*Try it:*
Full transcription, minus images: write out the listing below exactly as it appears.

*Information supplied:*
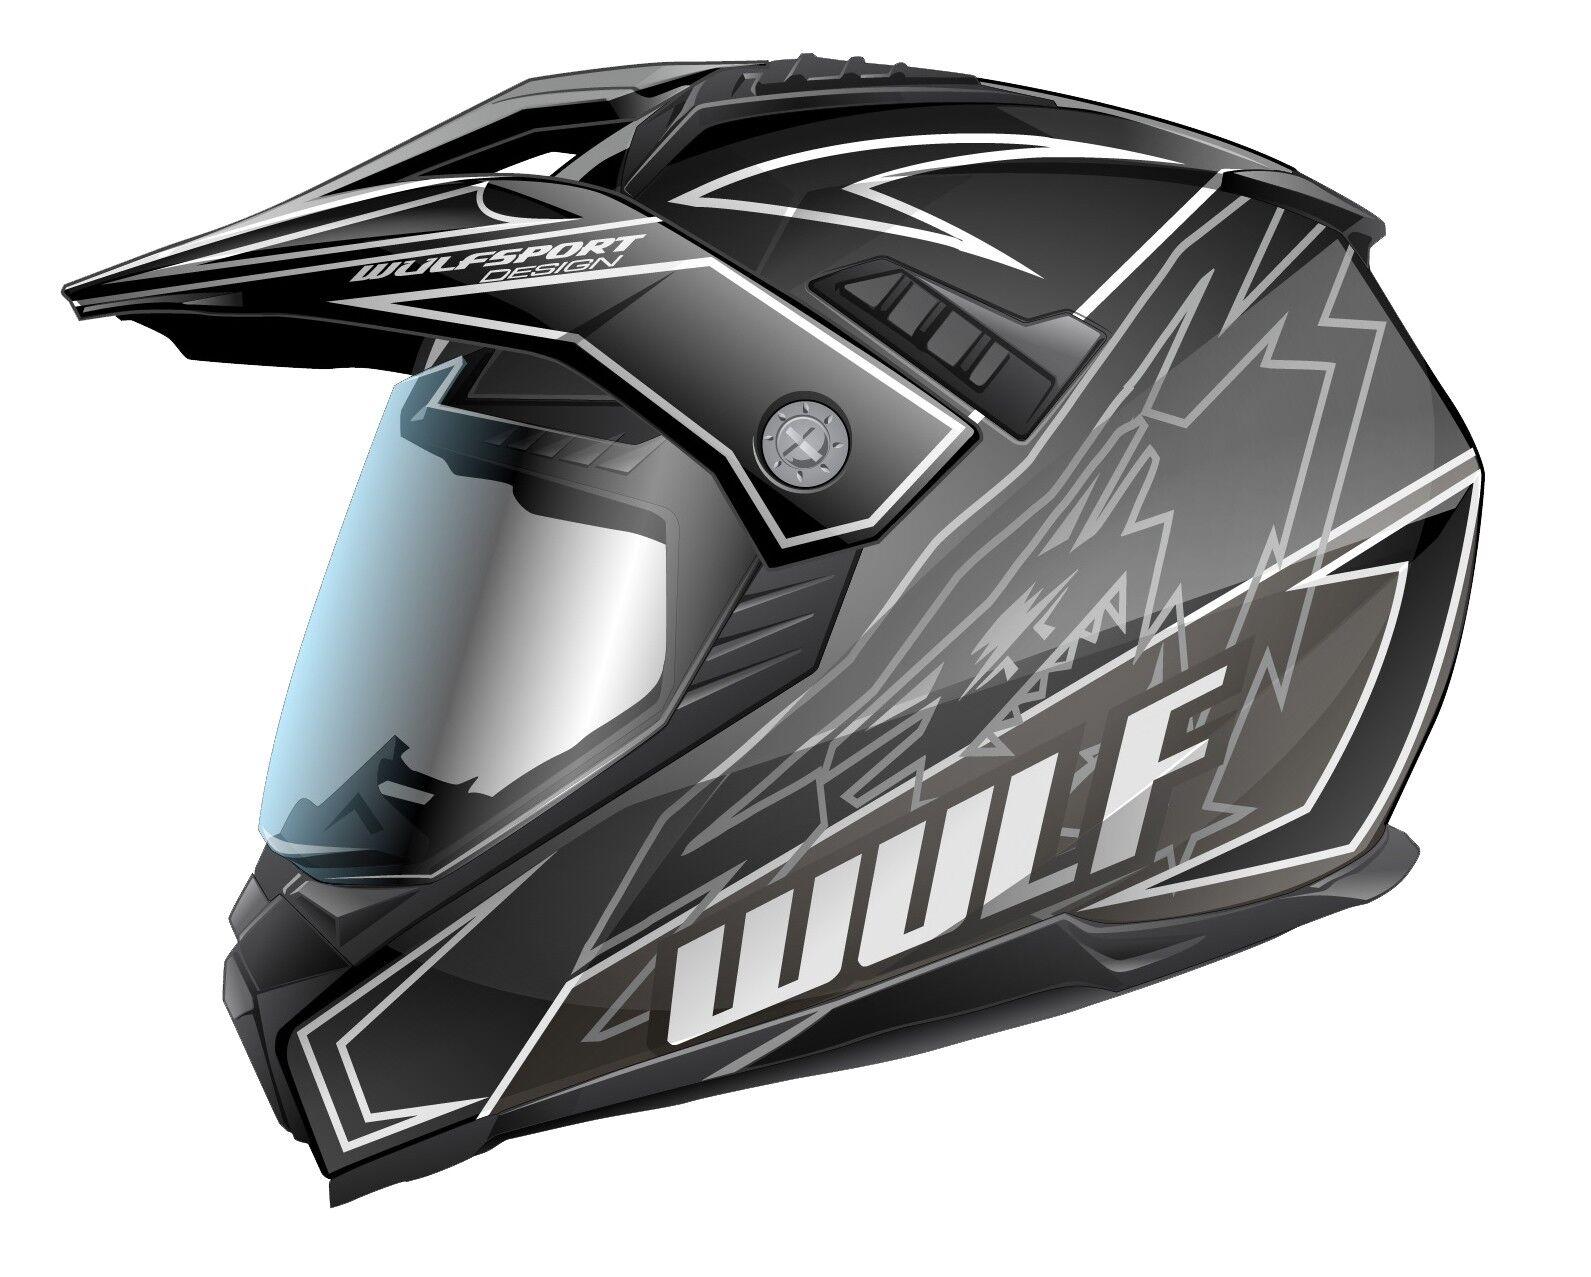 Wulfsport Prima-X Cross Helm M (57-58cm) schwarz Motorrad Quad Fahrrad Enduro BMX
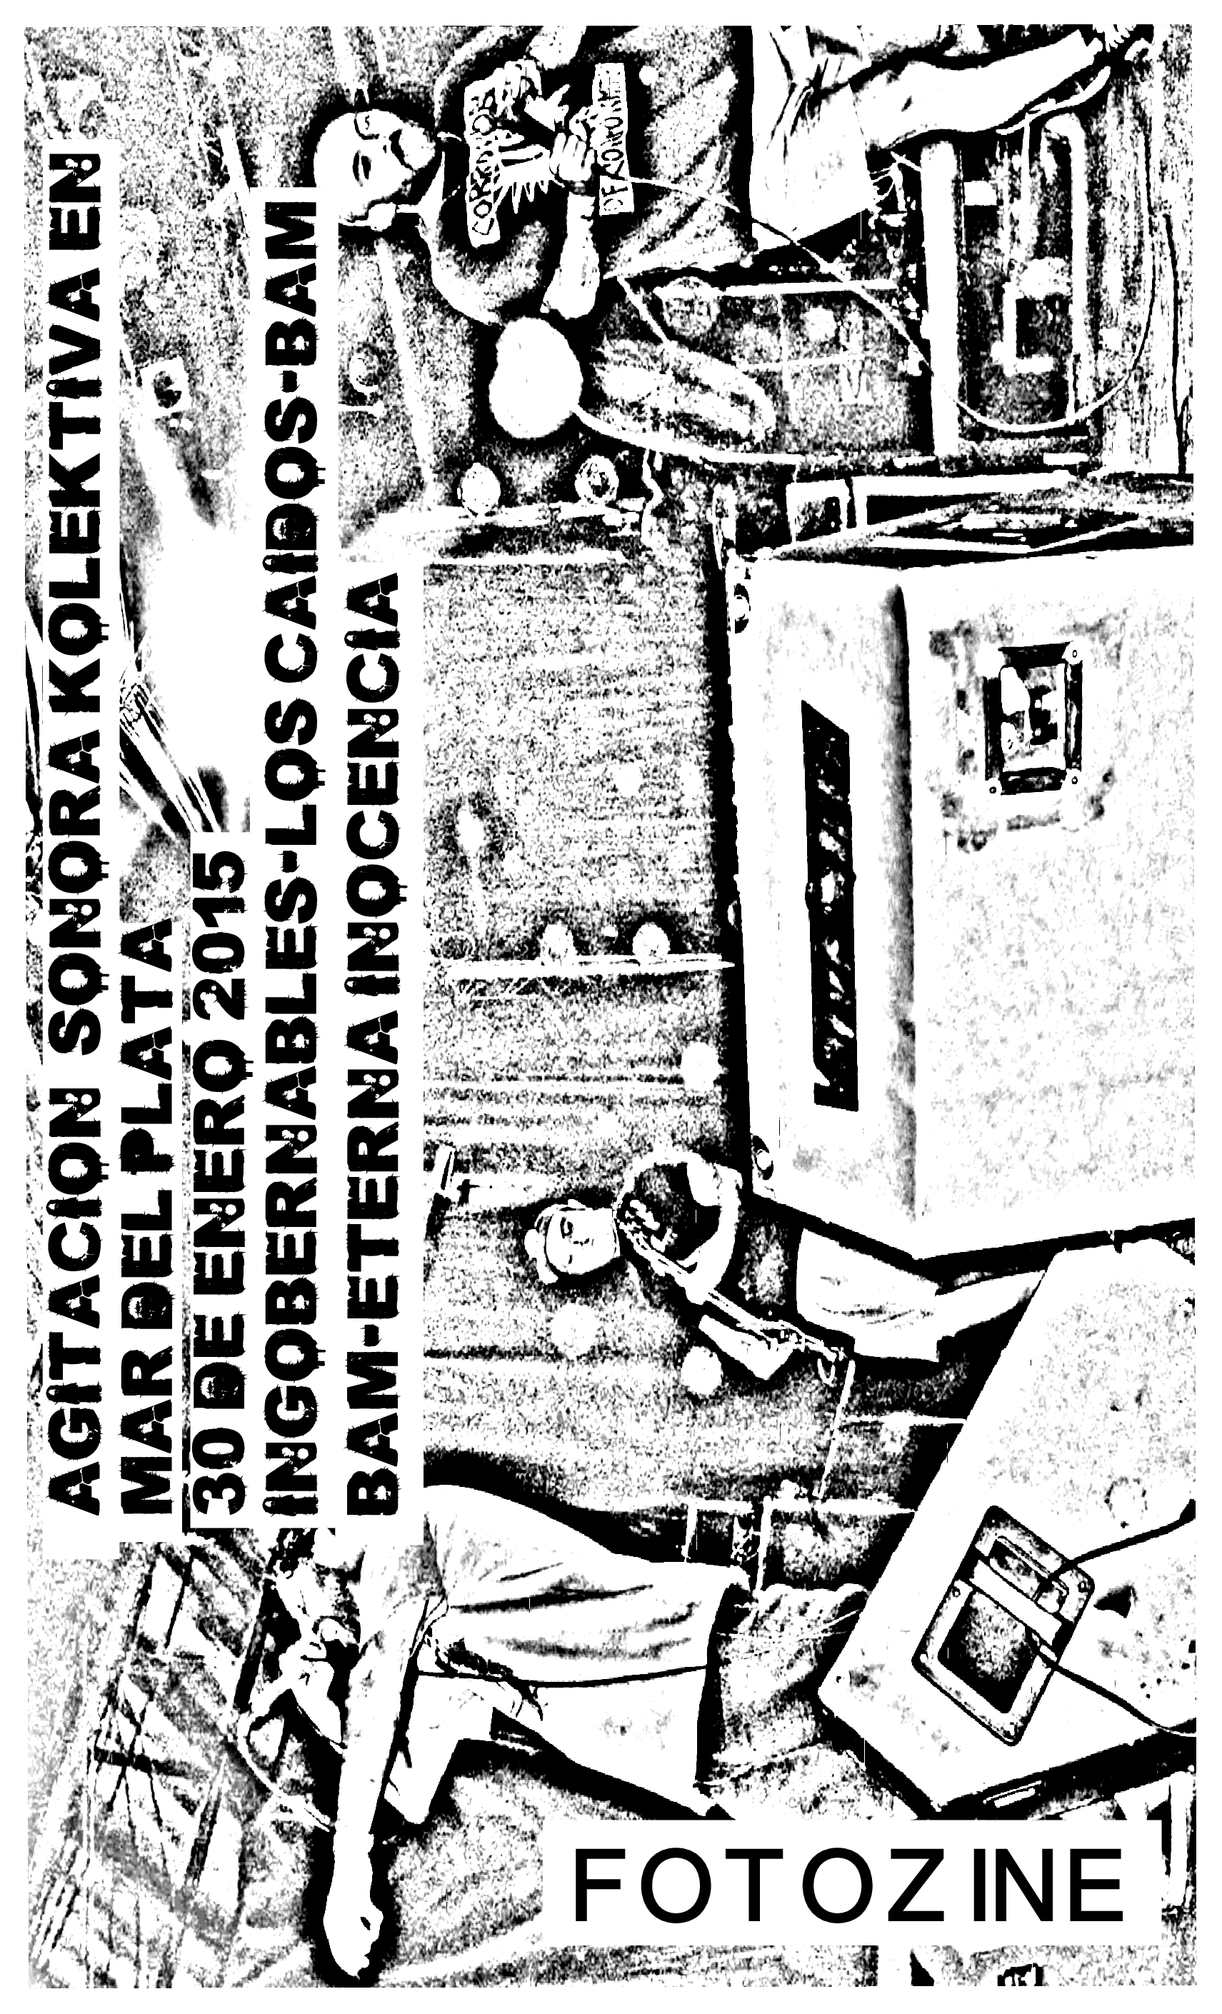 REPORTE AGITACION KOLEKTIVA ETERNA INOCENCIA-LOS CAIDOS-INGOBERNABLES-BAM BAM  2015 MAR DEL PLATA FEBRERO
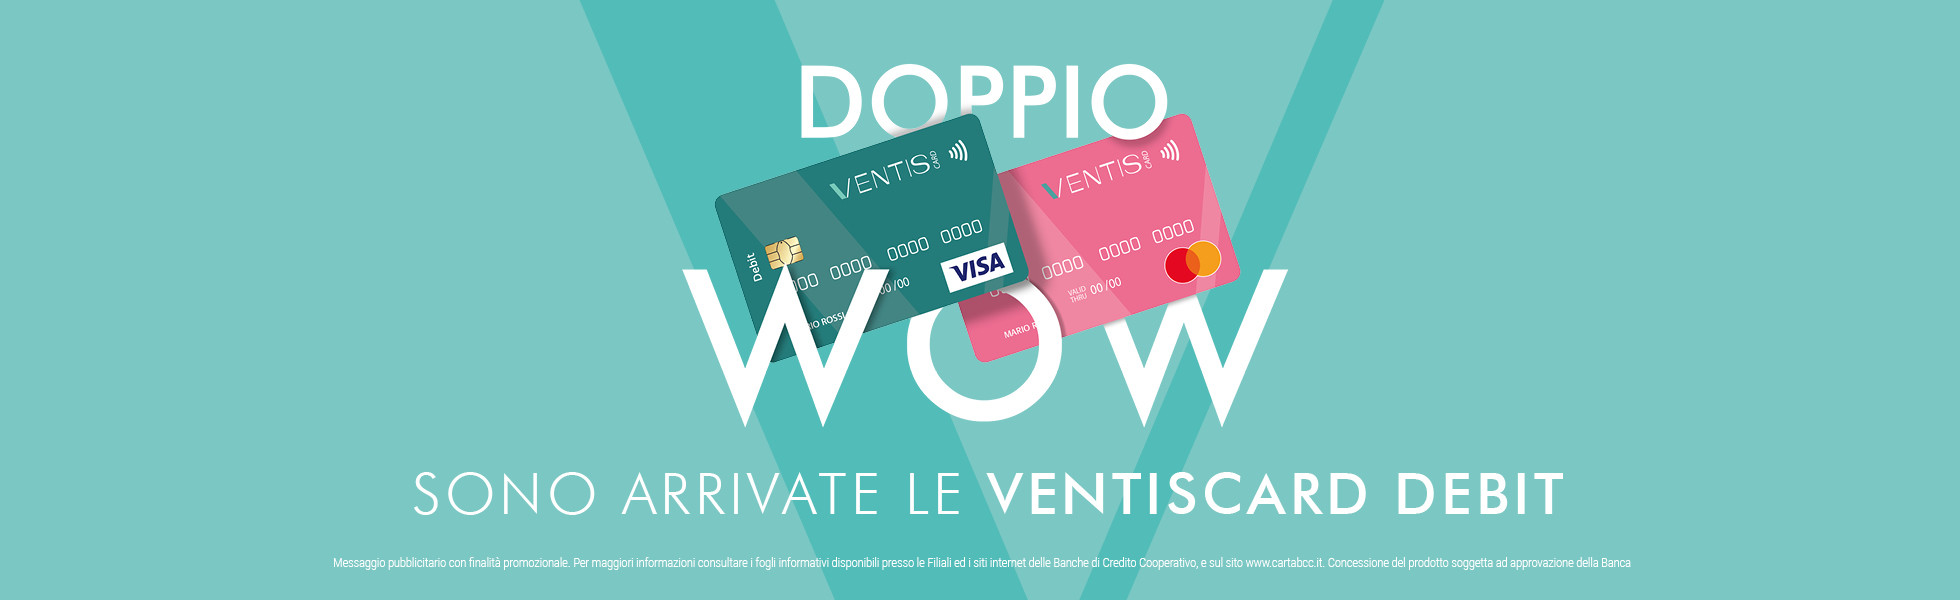 VentisCard Debit 800x532

*Result below:*
 Wulfsport Prima-X Cross Helm M (57-58cm) schwarz Motorrad Quad Fahrrad Enduro BMX
 REPORTE AGITACION KOLEKTIVA ETERNA INOCENCIA-LOS CAIDOS-INGOBERNABLES-BAM BAM  2015 MAR DEL PLATA FEBRERO
 VentisCard Debit 800x532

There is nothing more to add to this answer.